Photo by Carlo Cortes IV/Reuters
To that end, Lenovo PCs and laptops will carry familiar IBM brands, such as ThinkCenter and ThinkPad, for at least the next five years and will be sold through IBM's existing sales channels. As for what's under the hood, IBM's entire PC design team will move to Lenovo to ensure quality and innovation, Hortensius says. In total, about 10,000 IBM employees, most of them already in China, will join Lenovo.

Lenovo, founded in 1984 and a pioneer in the Chinese PC industry, will establish its worldwide headquarters in New York; assume control of IBM's PC operations in Raleigh, N.C.; and conduct most of its manufacturing operations from Beijing. IBM will hold an 18.9% equity stake in Lenovo and provide the company with a range of IT services.

The deal, expected to close in the second quarter of 2005, is significant for both vendors. Combined with IBM's PC business, Lenovo will initially have revenue from PC sales of about $12 billion, making it the world's third-largest PC vendor. The move completes IBM's departure from the PC business, which, despite $9 billion in sales last year, has in recent years placed a drag on the company's earnings and profit margins. Analysts blame cutthroat competition from price-slashing competitors such as Dell and low-cost Asian suppliers, including Lenovo itself. "This is a great move for IBM in terms of boosting margins and profitability," says Chris Foster, senior analyst at Technology Business Research. The deal also should help IBM increase sales of servers and IT services in China, Foster says.

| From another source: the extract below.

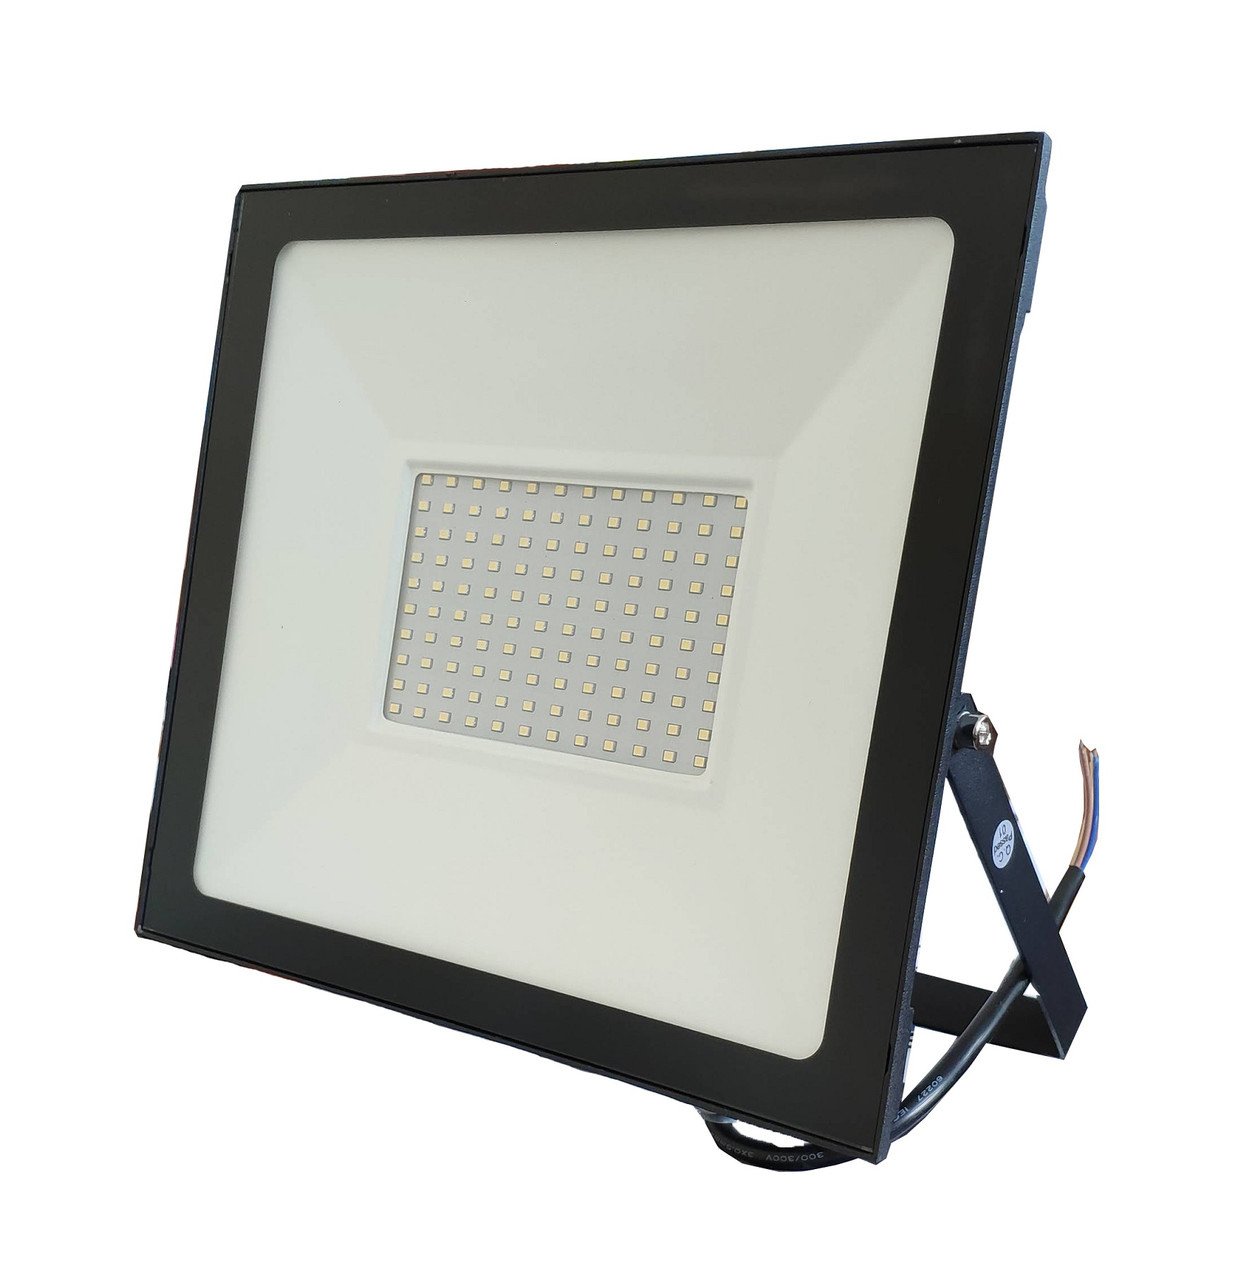 Прожектор LED 50W ECO Slim  220V 3500Lm 6500K IP65 TNSy

Beverly Russell, IT director at jam maker E.D. Smith & Sons Ltd., says she views PCs as commodities and is unlikely to switch from IBM. E.D. Smith leases about 60 IBM desktops and 20 ThinkPad laptops. The laptop lease is up for renewal next year, and Russell says she will most likely renew it. Still, Russell has a message for IBM: She'd think twice about buying IBM servers if their production were completely outsourced to a third party. "They're too important to my business," she says. IBM says it has no plans to spin off its server business.